Вокзал, поезд, спешащие пассажиры. Вагон, наконец, трогается, предотъездные волнения позади. Непременно извлекается приготовленная в дорогу провизия… Но сначала жажда… Бутылка лимонада с этикеткой-«слюнявчиком». Оглядевшись, пассажир, возможно, несколько смущаясь, опирается на стол, и примеряется, чтоб открыть бутылку о его край, но в этот момент с облегчением нащупывает под столешней приделанную там скобку-открывалку.
Вот это волшебство, когда предмета как бы и вовсе нет, но в нужный момент он, подобно сказочному герою, внезапно обнаруживает себя, на меня, совсем еще малыша, произвело впечатление, которое, возможно (как это и бывает), во многом определило выбор профессии.
Дизайн часто понимается, как нанесение некоего макияжа на изделие, которое вообще-то и так прекрасно существует само по себе. Или же, как украшение, призванное привлечь внимание к вещи, и заставить купить. Причем, понимается так не только обыденным сознанием, но часто и теми, кто пытается дизайном заниматься (что гораздо хуже).
Но дизайн вовсе не обязательно таков. Порой он вообще незаметен. Дизайн, понимаемый как замысел (в точном переводе одного из значений этого английского слова).
В начале было…
Известно, что слова, переходя из одного языка в другой, несколько меняют значение, чаще всего приобретая более узкий смысл, что и произошло со словом дизайн в русском. Для англичанина это и чертеж, и рисунок, и просто набросок. А также задумка. Вплоть до того, что о коварных замыслах он скажет: evil designs.

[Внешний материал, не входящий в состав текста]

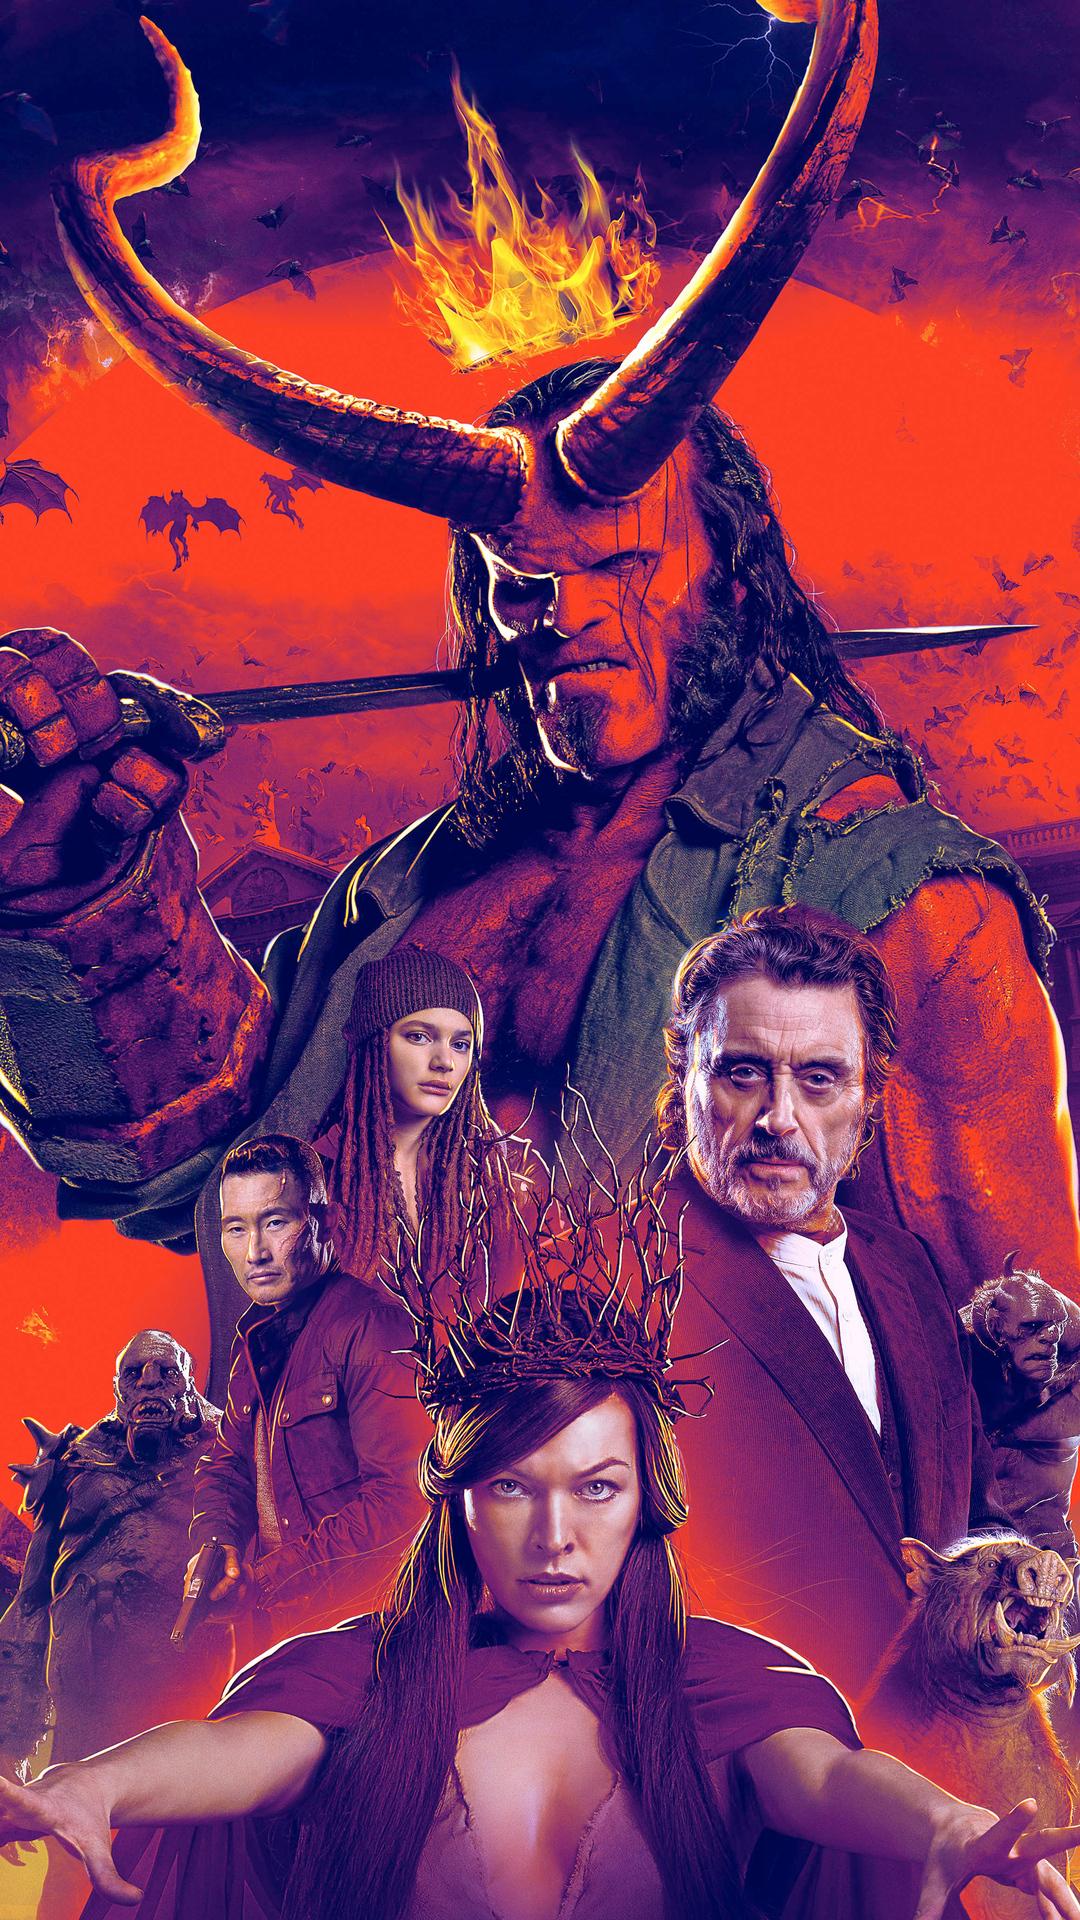 1080x1920 Hellboy Movie Poster 2019 Iphone 7,6s,6 Plus, Pixel xl ,One Plus 3,3t,5 HD 4k ...

В русский язык это слово пришло в значении промышленного проектирования, причем довольно поздно, и в советские времена было оно если не запретным, то нежелательным. Его заменяли довольно неуклюже и претенциозно на «техническую эстетику» или «художественное конструирование» в зависимости от степени близости к практическому применению.
И оба термина были не слишком удачными, поскольку своими значениями тащили в сторону как раз тех смыслов, от которых дизайнеры стремились уходить. За иностранное слово и хватаются-то из-за того, что его можно наполнить нужным смыслом. К примеру, зачем нужно в русском слово вельвет? Оттого, что оно означает не всякий бархат, как, к примеру, в английском, а особый, в рубчик.

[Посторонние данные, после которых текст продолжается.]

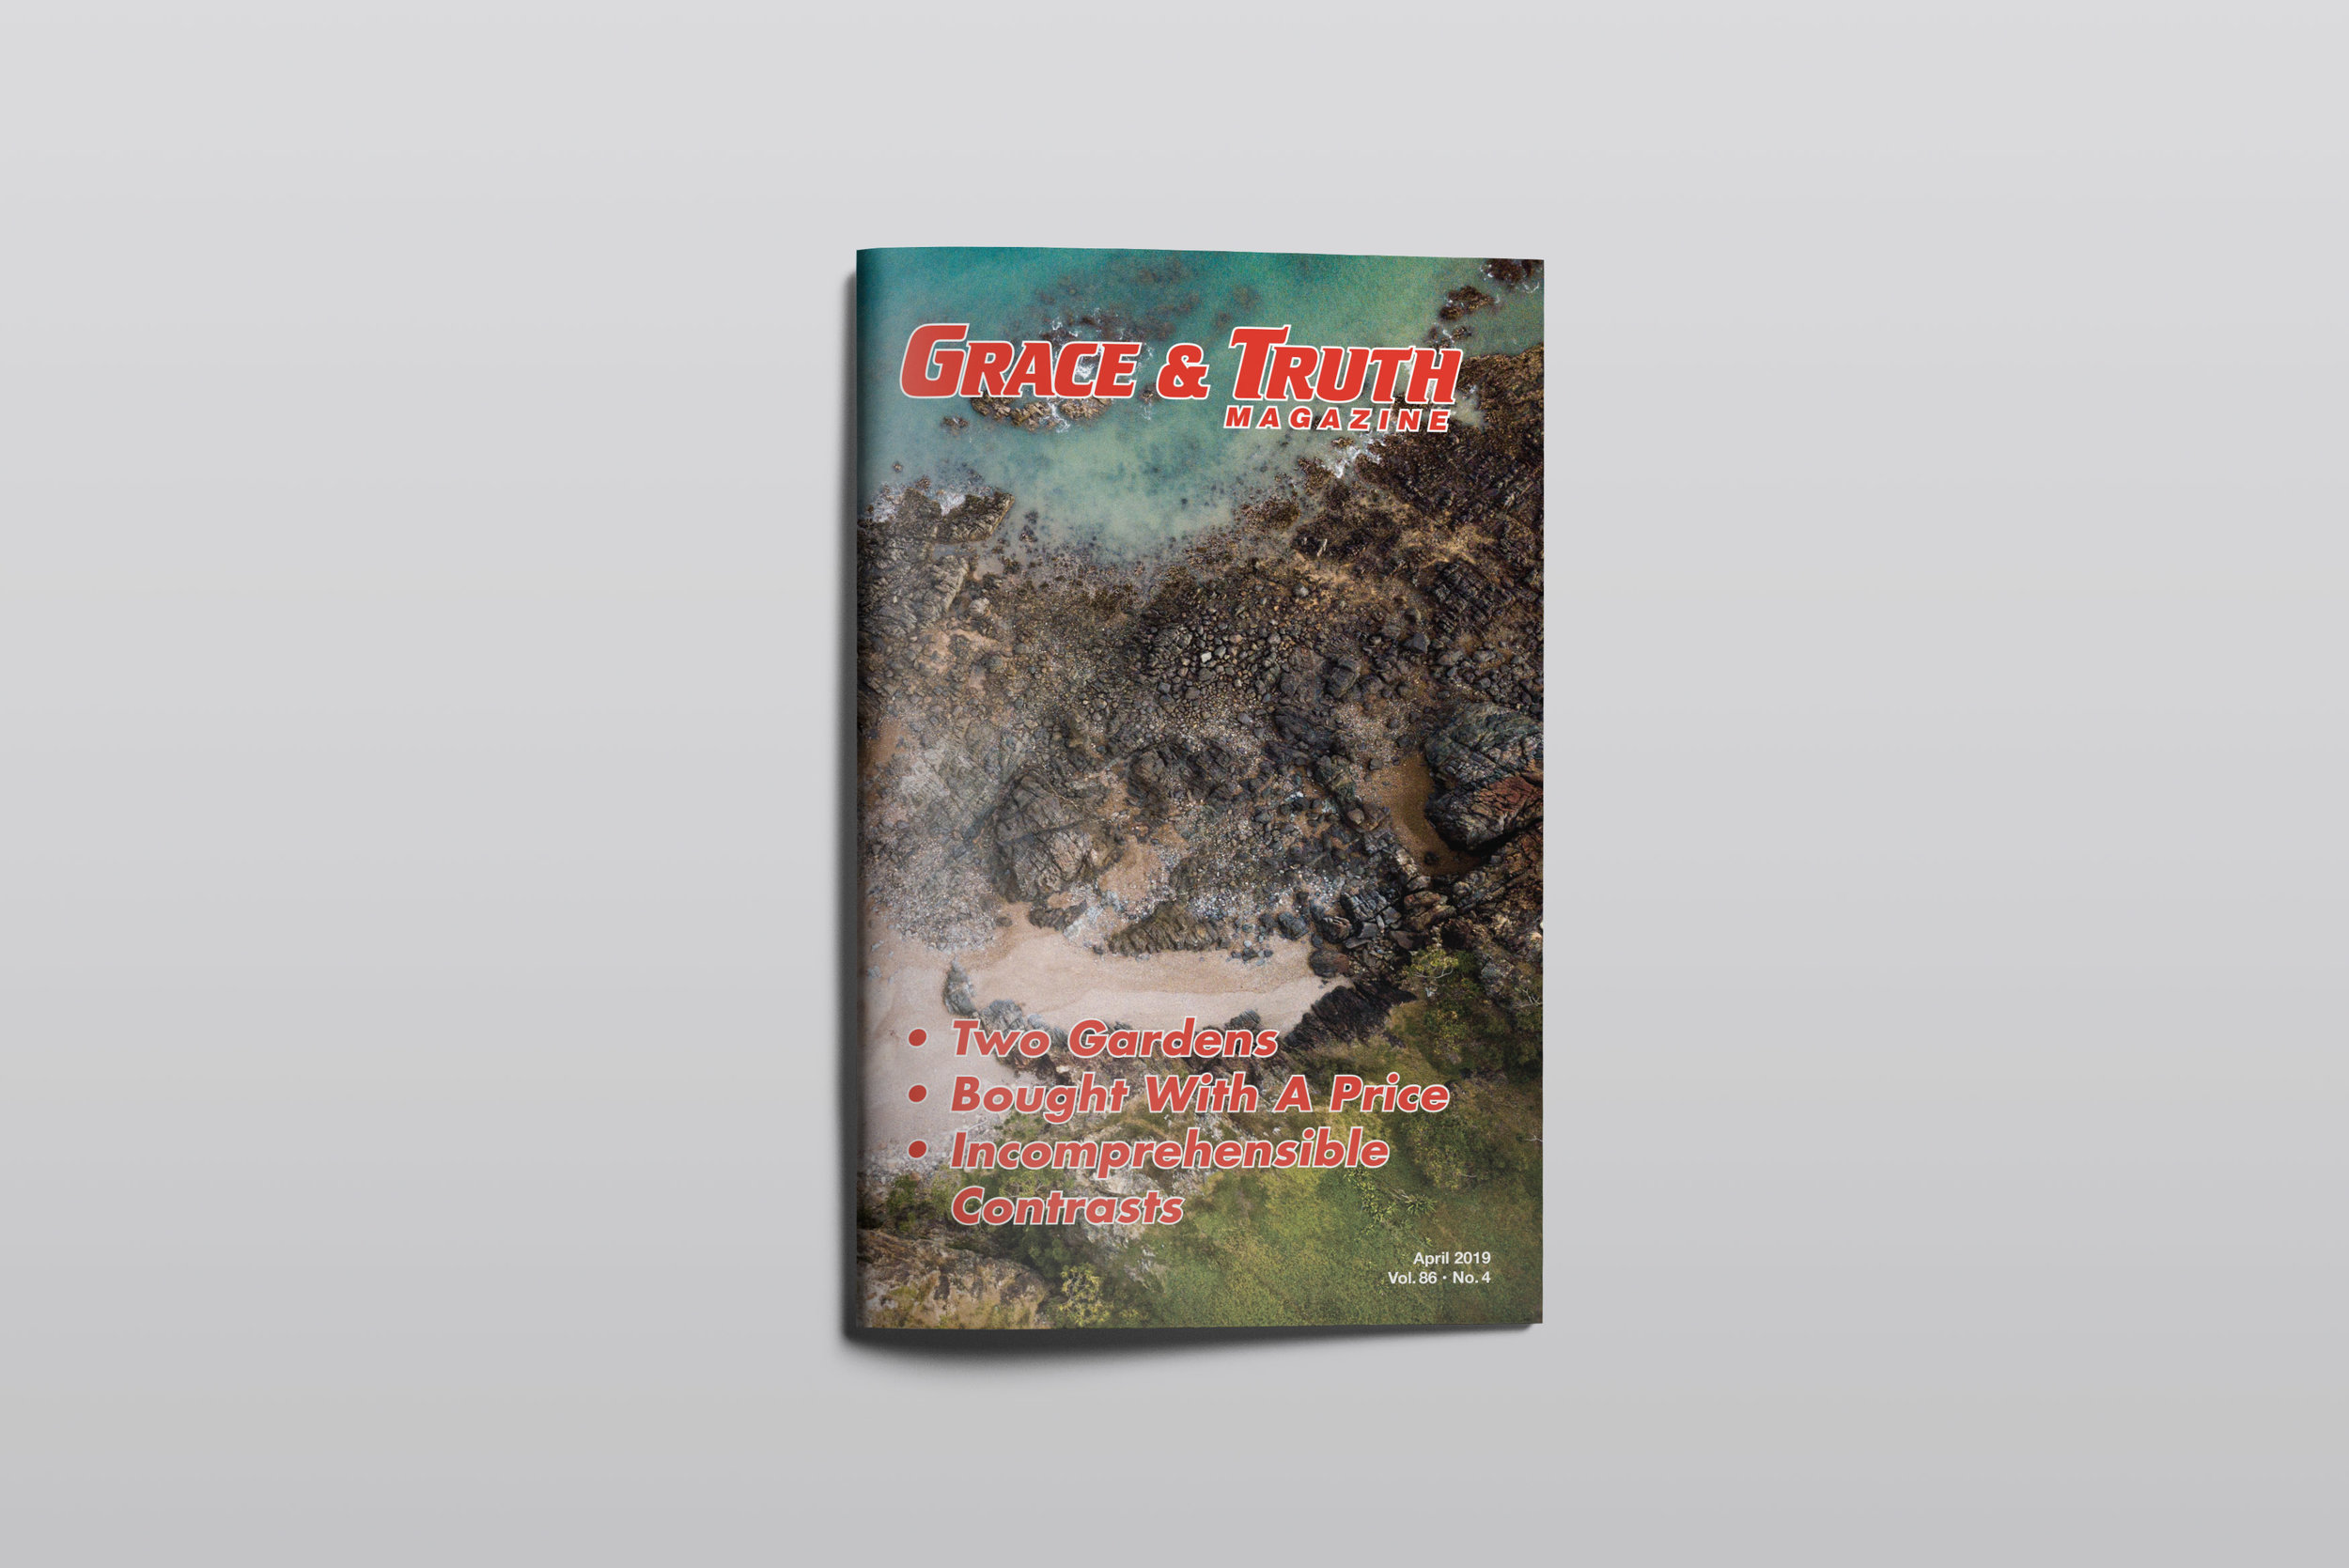 GRACE & TRUTH MAGAZINE

И, коль мы уж так отвлеклись в сторону языкознания, замечу, что это единственная рациональная причина иностранных заимствований. Во многих других случаях в них нет большого смысла, что подтверждает ту ироничную мысль, что развитие языка движимо лишь тремя причинами: ленью им ворочать, невежеством и стремлением казаться умнее, чем оно есть).

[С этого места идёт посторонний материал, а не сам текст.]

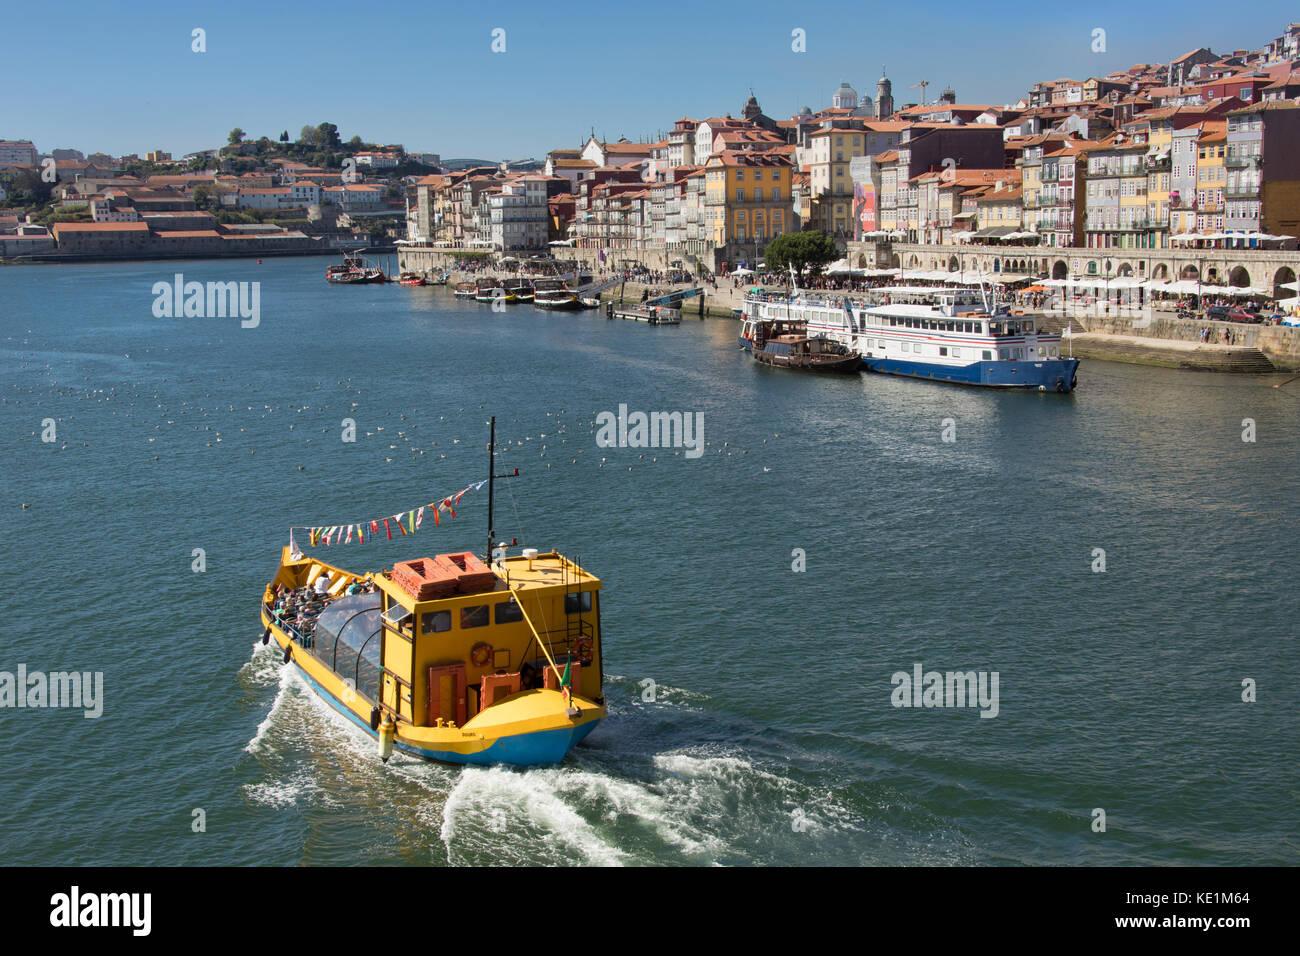 River Tour Boat on the Douro River, Porto, Porttugal - Stock Image

Впрочем, ради справедливости надо бы отметить, что дело было не только в нелюбви начальства к иностранным терминам – само понятие входило в жизнь с трудом. Даже очень популярный в те времена чешский дизайнер Коварж в советских публикациях именовался изобретателем. Хотя он ничего не изобретал, а был ярким представителем появившегося вместе с широким распространением пластмасс модного в дизайне поветрия создавать разного рода ручки и рукояти, отвечавшие форме руки (нечто похожее – волнообразные выступы – можно обнаружить на руле 21-й «Волги»). Восторги по их поводу – «как это удобно!» довольно быстро иссякли, поскольку позднейшие исследования обнаружили их крайнюю неэргономичность. Выяснилось, что рука в этом не нуждается – при удержании предмета мы безотчетно делаем микродвижения пальцами, мышцы постоянно меняют положение и не так утомляются.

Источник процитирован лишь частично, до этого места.